Conversely, intrinsic systems utilize reversible or supramolecular interactions within the matrix, enabling them to repeatedly self-heal the same damaged areas. It is also noted that, unlike intrinsic systems, extrinsic systems encounter difficulty in preserving their initial optical properties after the self-healing process. This arises from significant color and refractive-index differences between the intact matrix and the healed region. For these reasons, intrinsic systems are considered a more suitable solution for display applications requiring excellent optical properties.

3.1. Self-Healing Based on Chemical Reactions

The fundamental approach to self-healing based on chemical reactions involves repetitive disconnection and reformation of reversible bonds. When damage occurs, these reversible bonds, which are inherently weaker than the irreversible covalent bonds, are broken intentionally instead of undergoing irreversible bond fractures. Subsequently, the broken bonds can be reconstituted under specific self-healing conditions, resulting in the recovery of the damaged area. Several reversible reactions have been explored to implement self-healing capabilities, including the Diels–Alder reaction, disulfide reaction, [2 + 2] cycloaddition reaction, siloxane chain exchange, trithiocarbonate reshuffling, and boronic ester exchange reaction.
Briefly, the incorporation of reversible reactions, including Diels–Alder, disulfide exchange, and boronic ester exchange reactions, has been widely studied for advancing functional self-healing materials. These dynamic reversible chemical processes enable materials to repair damage autonomously. The reversibility of these reactions supports repetitive healing cycles, thereby prolonging the functional lifespan of the materials and addressing the constraints faced by extrinsic self-healing systems. However, the mechanical strength is compromised when covalent bonds within the material are transformed into reversible bonds. Current research efforts have been focused on overcoming the limitations of self-healing materials based on chemical reactions.
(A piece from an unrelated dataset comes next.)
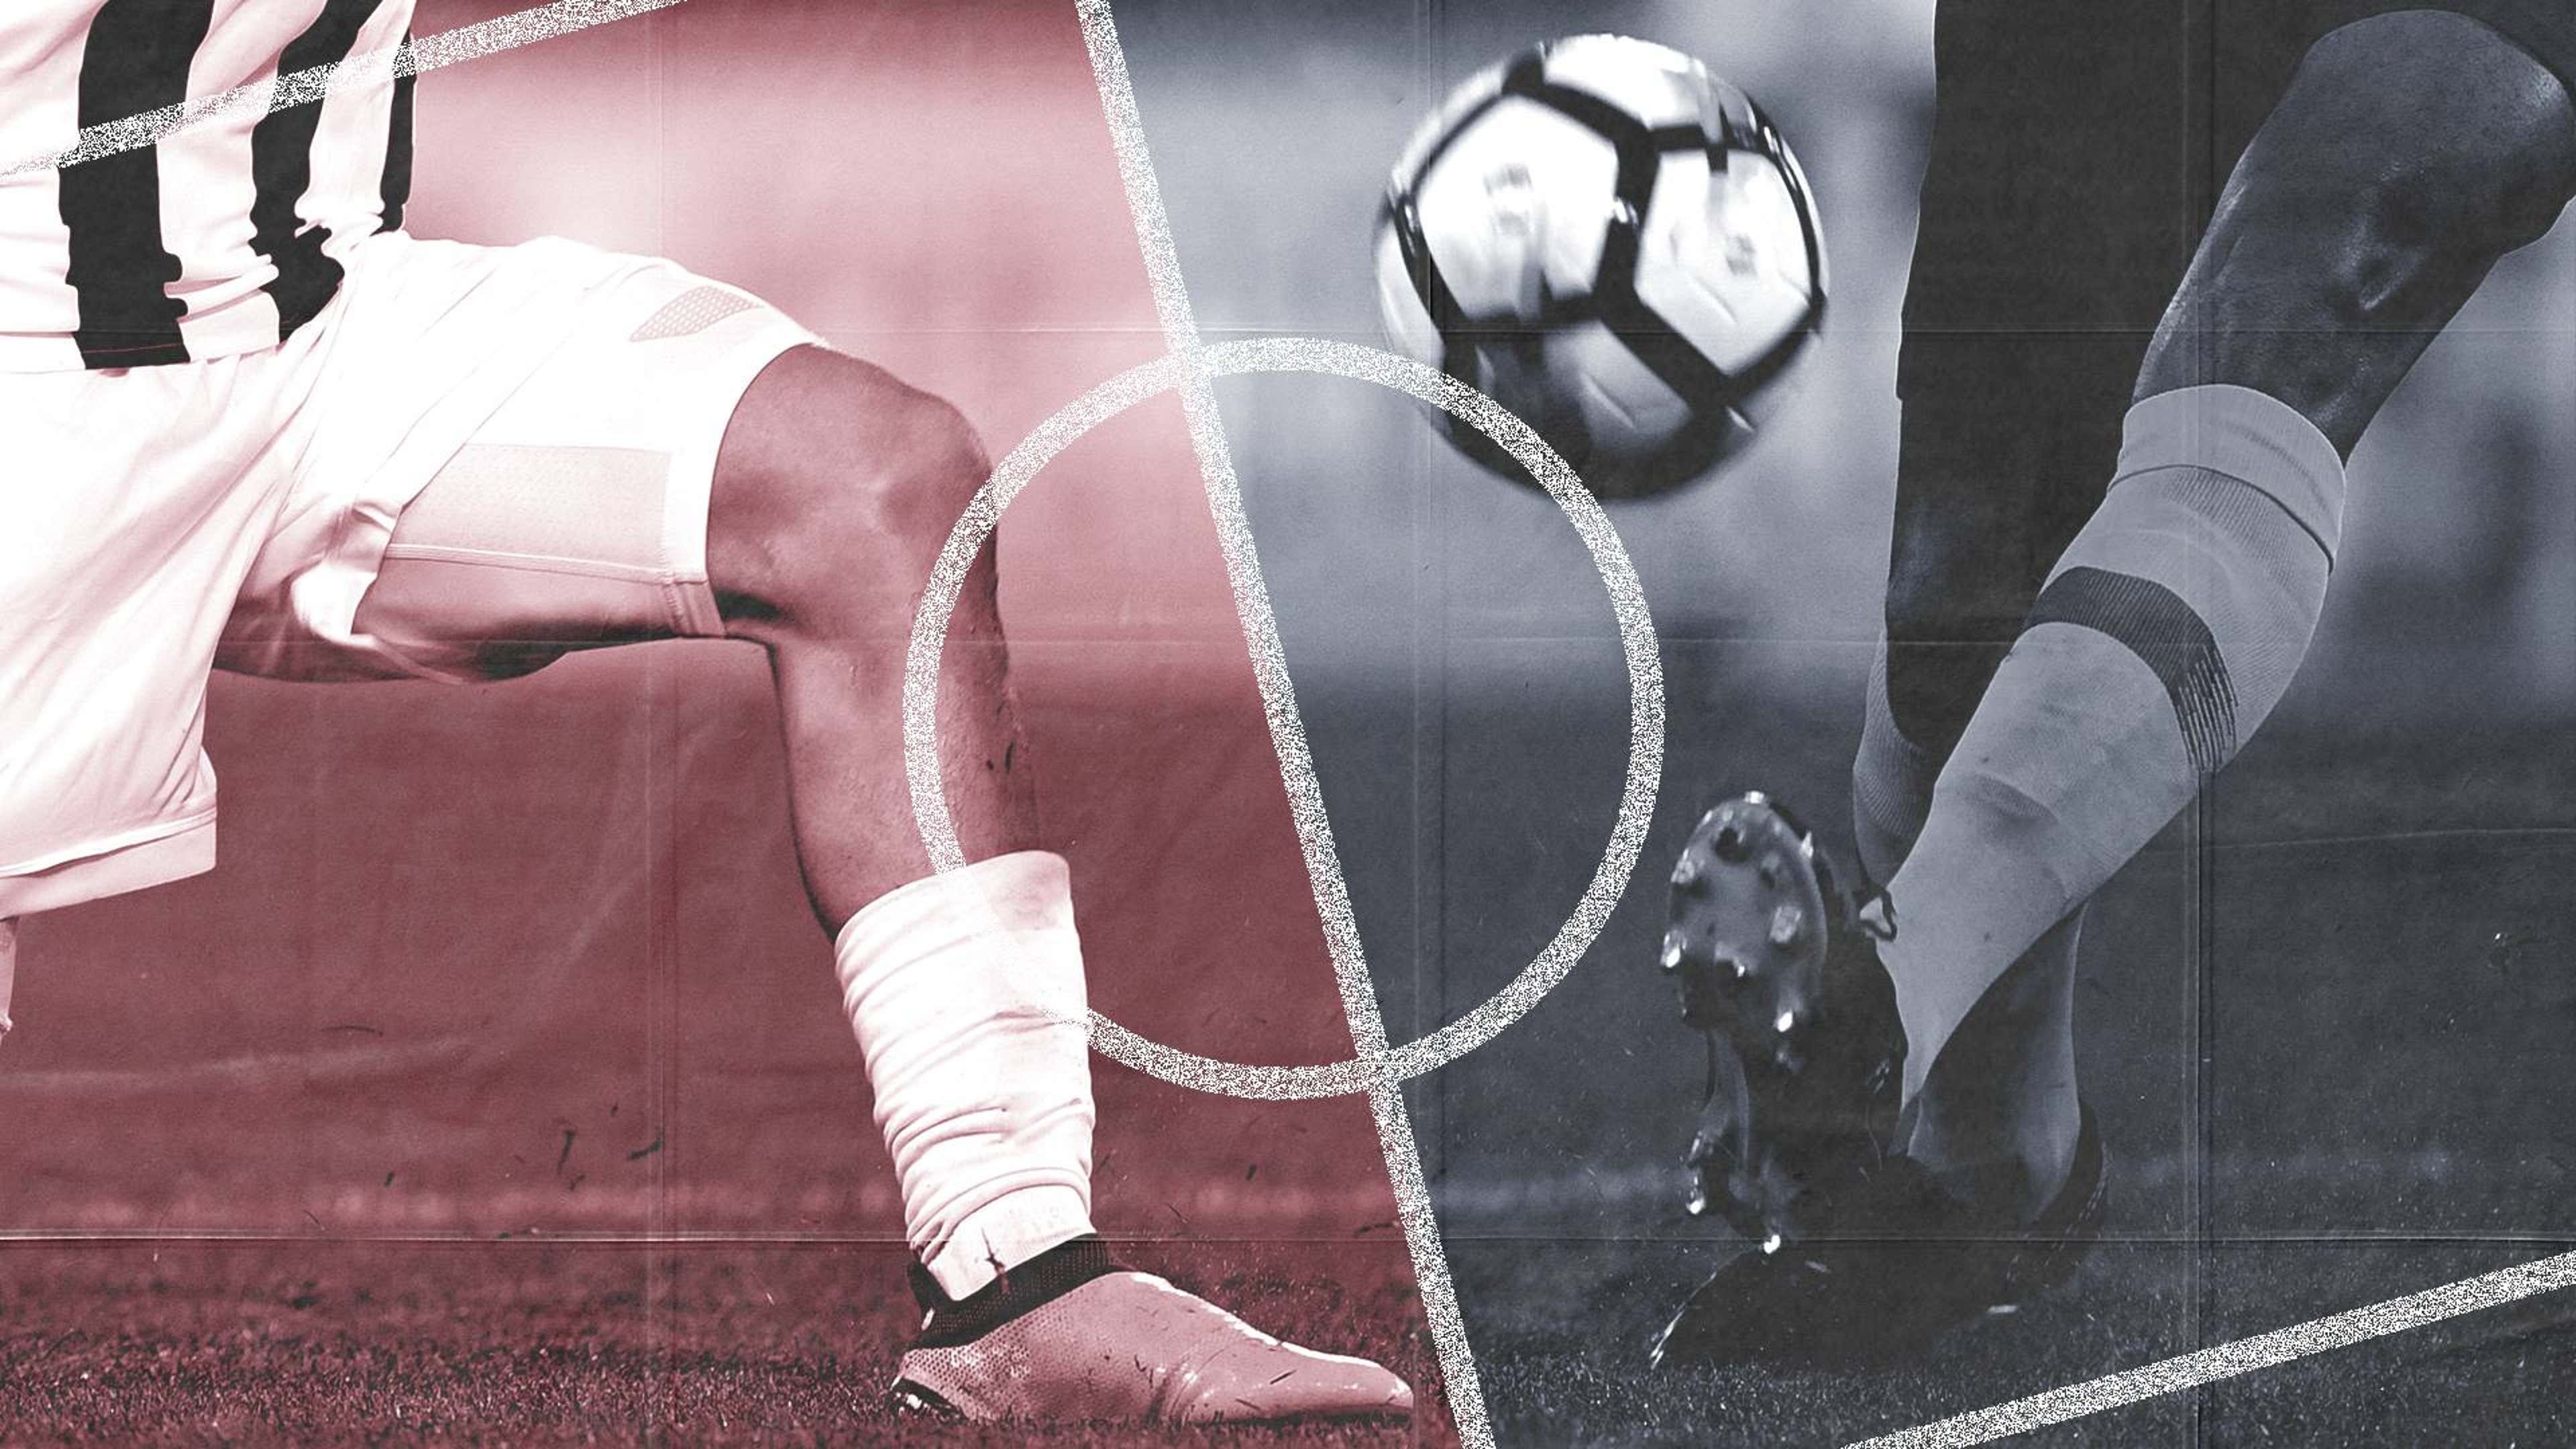 Palpites Ligue 1: Melhores dicas de apostas dos nossos
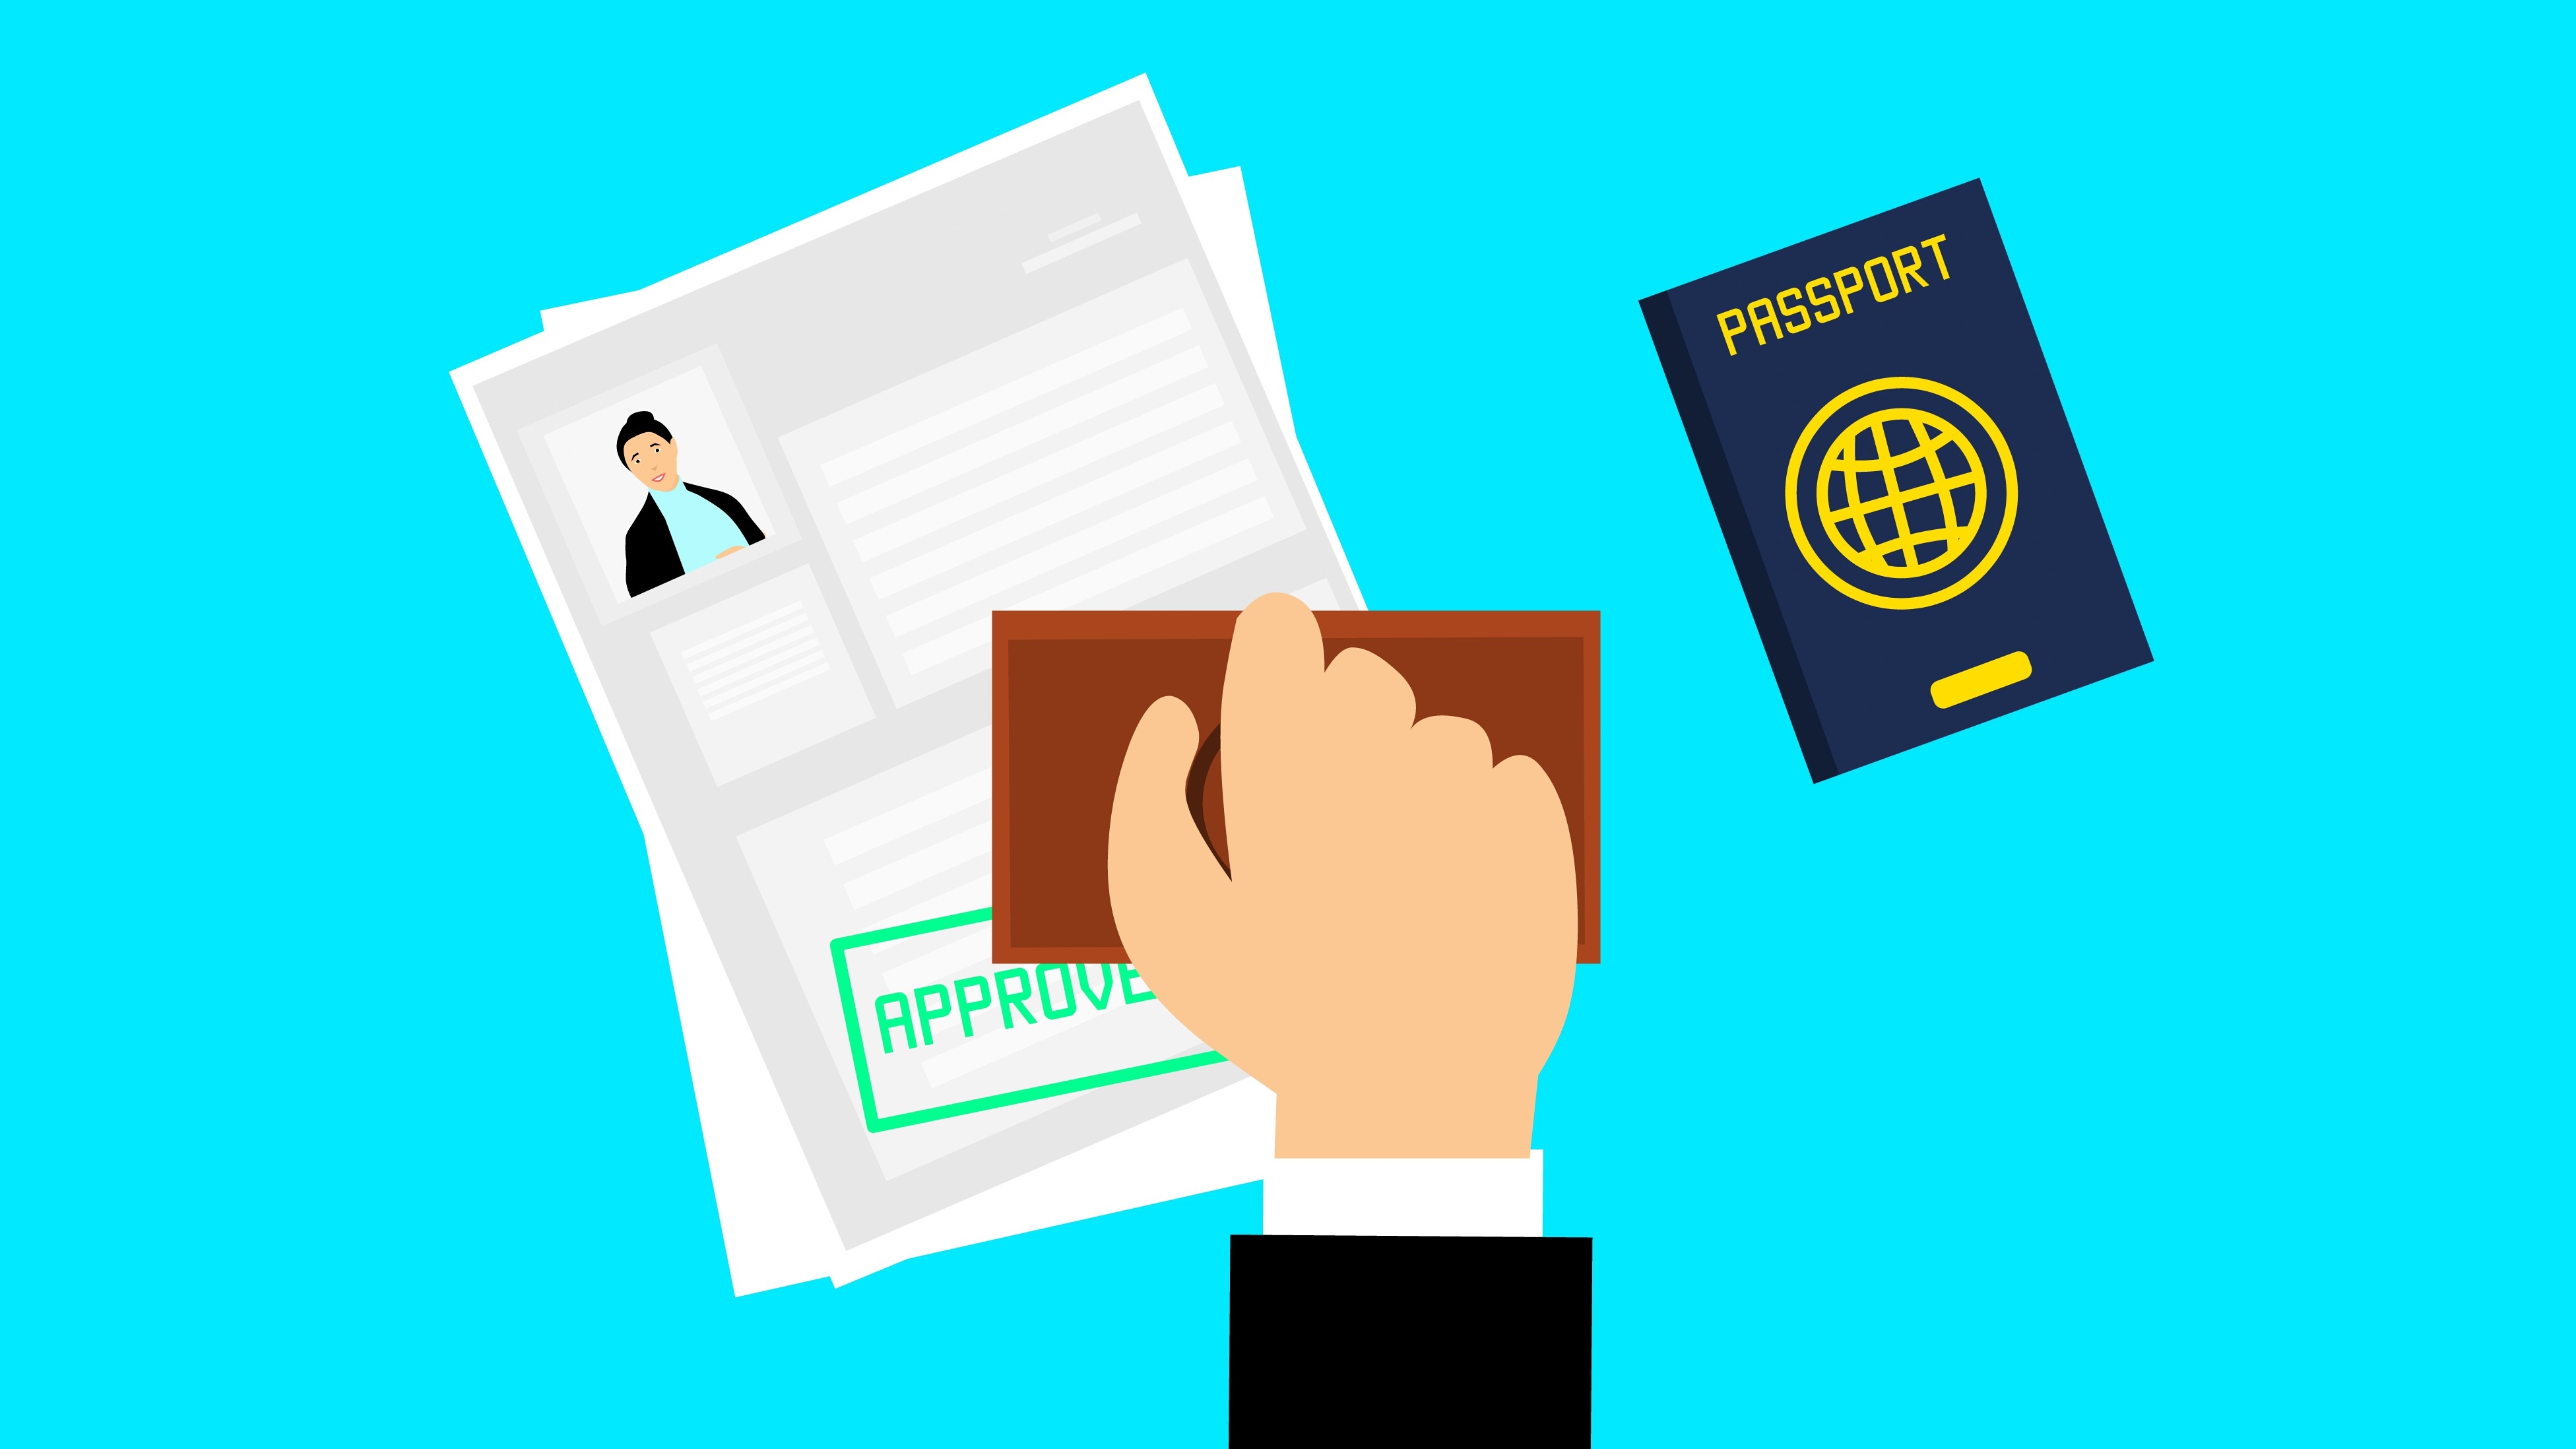 Không cần làm lại thẻ bảo hiểm khi thay đổi số ID, Sở Bảo hiểm Y tế chủ động cấp thẻ mới cho người nước ngoài. (Ảnh minh họa: kho ảnh Pixabay)

3.1.1. Diels–Alder Reactions

The mechanism involving thermally cross-linked polymers through the Diels–Alder reaction (DA) can serve as the driving force for self-healing [49]. The DA reaction is a chemical cross-linking method involving a reversible interaction between a diene and a dienophile, forming a cyclohexene bond within a specific temperature range. The cyclohexene bond can be dissociated and reformed reversibly, depending on temperature. In the context of self-healing, when heat is applied to a cut surface the cyclohexene structure is disrupted at 110 °C, and the two cut sections are drawn together as the diene and dienophile groups undergo a reaction at 70 °C While the DA reaction has been extensively explored for self-healing applications [11,14,49,50,51], it is constrained by its requirement for relatively high temperatures due to its activation energy.
Several studies have been conducted on achieving self-healing under mild conditions. According to Yang et al., a self-healing polymer based on polyurethane incorporating the DA reaction achieved an impressive self-healing efficiency of 93.1% without requiring elevated temperatures [50]. Linear polyurethane was synthesized with maleimide groups at both ends, and furan-modified polydopamine particles were employed. Remarkably, this system achieved high self-healing efficiency by indirectly generating heat in the polydopamine via near-infrared (NIR) irradiation, eliminating the necessity for direct heating (Figure 4). Despite this innovative self-healing method, it is essential to note that the DA self-healing system still relies on thermal energy exceeding the activation energy of the DA reaction.
In the pursuit of multifunctionality, Lian et al. introduced 9,10-dihydro-9-oxa-10-phosphaphenanthrene-10-oxide as a flame retardant incorporated into a diene, thereby achieving a material with dual capabilities of self-healing and flame retardancy [83]. Although the resulting elastomer required elevated thermal conditions (150 °C) to facilitate self-healing, the introduced phosphorous-based structure exhibited remarkable thermal responsiveness, undergoing a transformative process that converted it into polyphosphoric acid-like substances. This transformation promoted the dehydration of the epoxy material into carbon and established a robust carbon layer, ensuring effective flame-retardant properties. This approach represents a significant advancement in developing multifunctional self-healing materials, thus broadening their range of potential applications.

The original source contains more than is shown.